_EXERCISE BRIEF_. The answer must consist solely of the lines from the one with "Semiconductor wafer inspection system" through the last line of the data, copied exactly, with no pictures.

** Opening STORED DATA block **

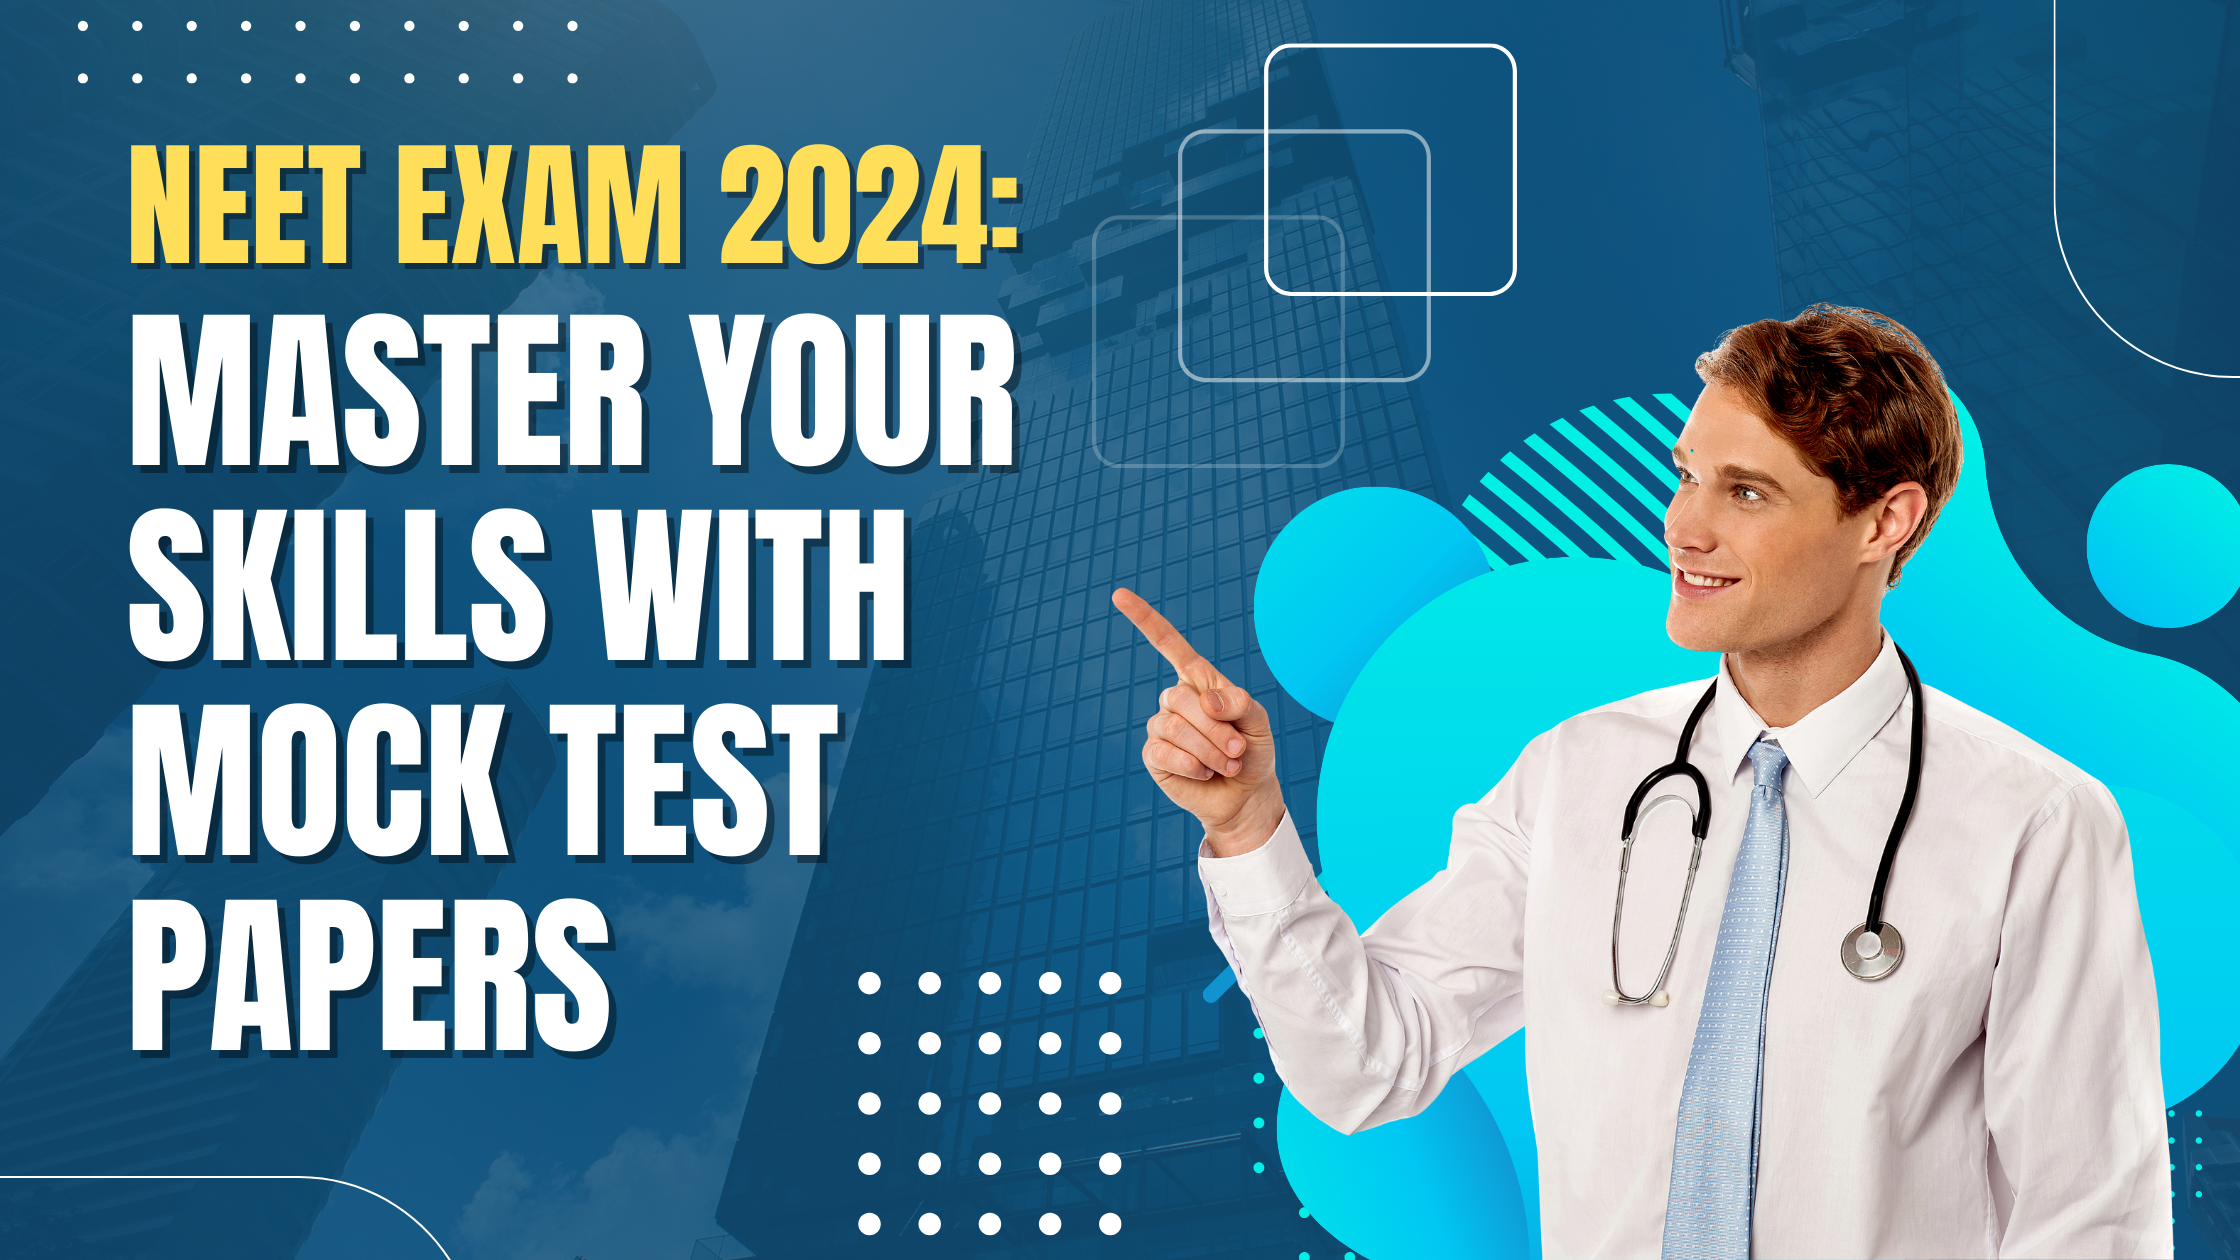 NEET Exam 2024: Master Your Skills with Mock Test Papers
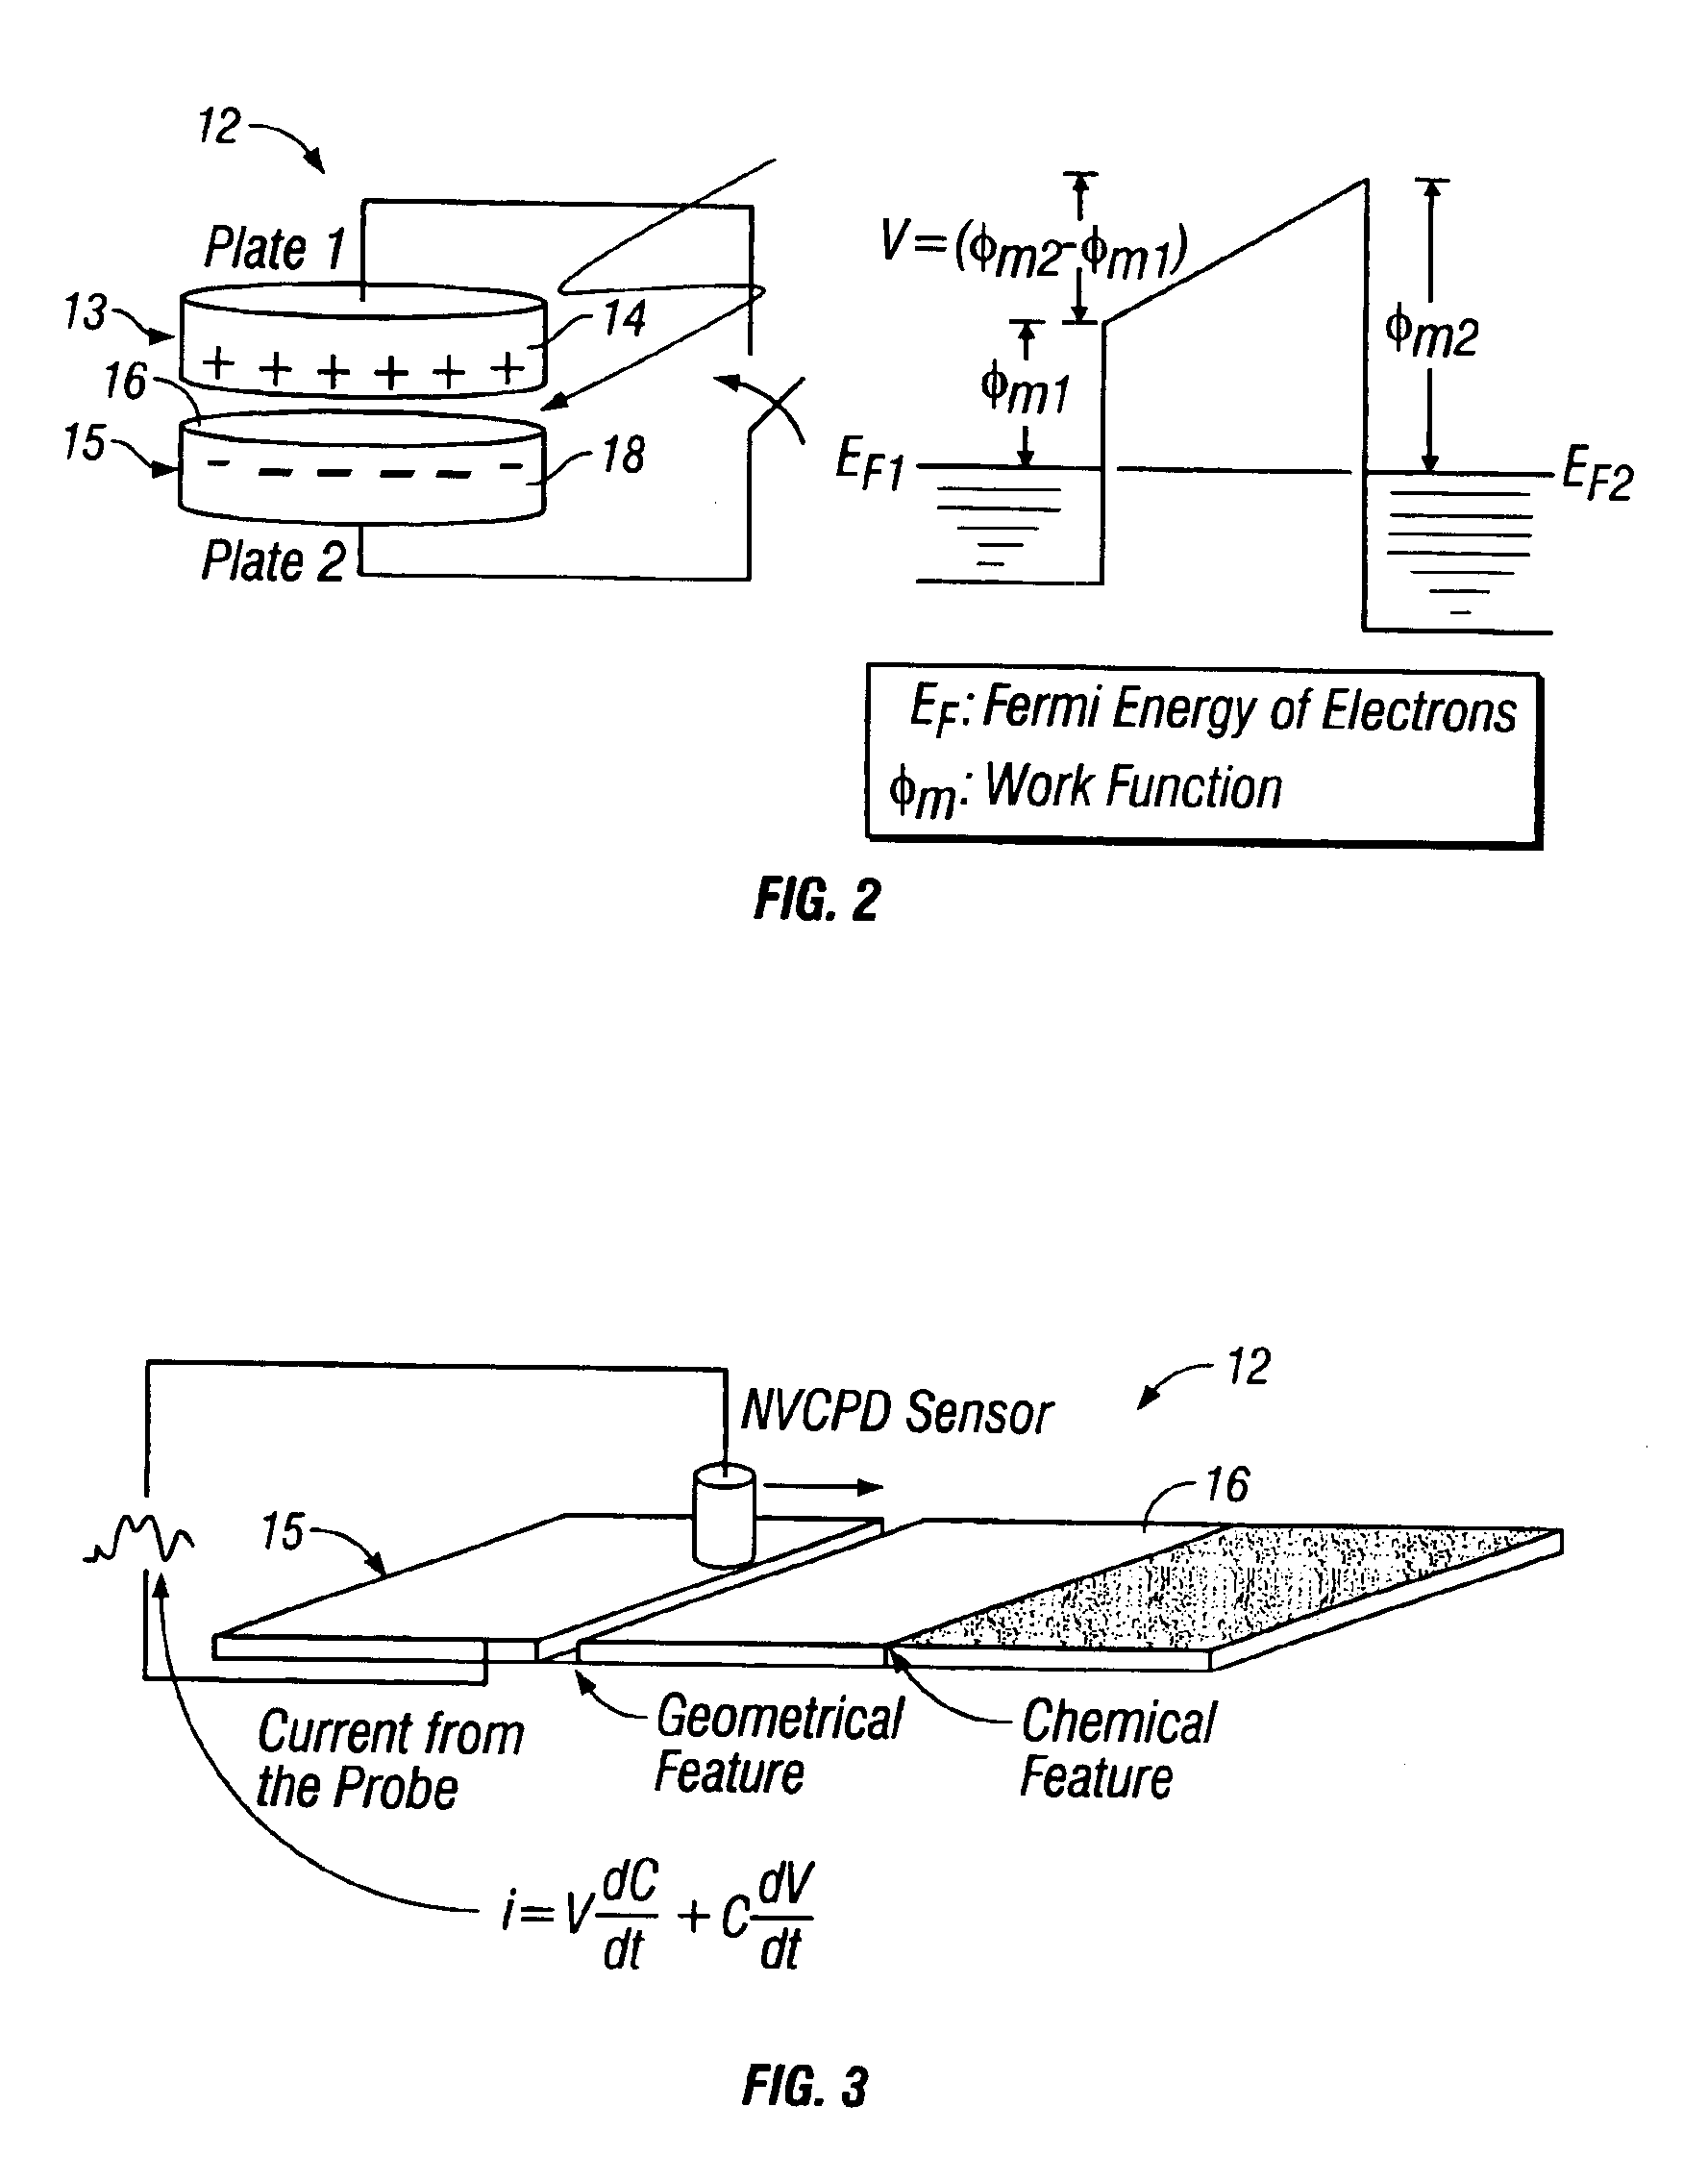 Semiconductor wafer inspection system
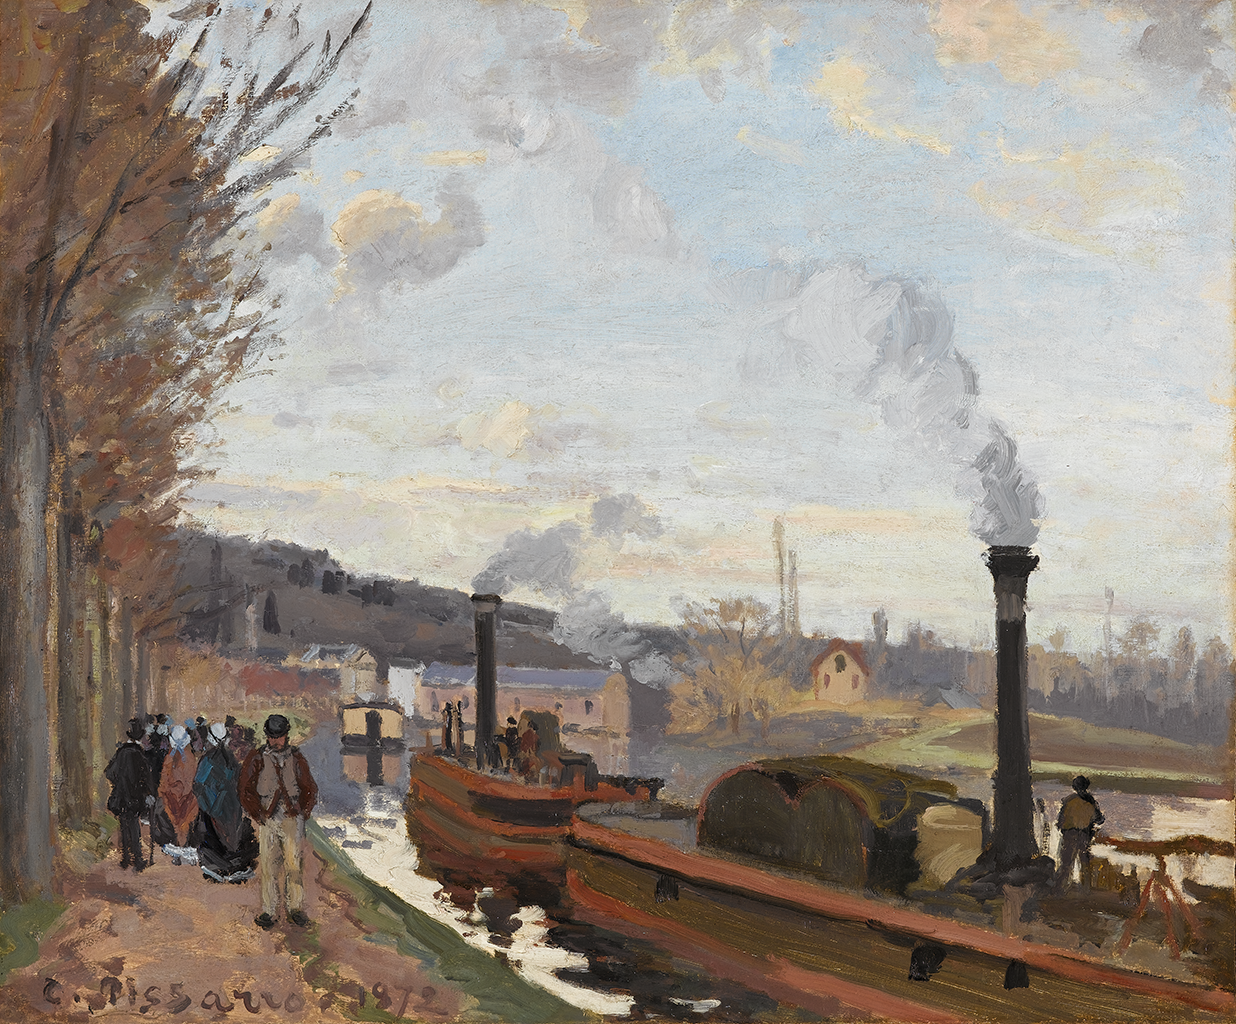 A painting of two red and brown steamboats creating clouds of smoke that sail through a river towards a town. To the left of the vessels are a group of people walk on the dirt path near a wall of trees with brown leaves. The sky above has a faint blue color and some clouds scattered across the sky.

** Closing STORED DATA block **

_SOLVED EXERCISE_.
 Semiconductor wafer inspection system
 A painting of two red and brown steamboats creating clouds of smoke that sail through a river towards a town. To the left of the vessels are a group of people walk on the dirt path near a wall of trees with brown leaves. The sky above has a faint blue color and some clouds scattered across the sky.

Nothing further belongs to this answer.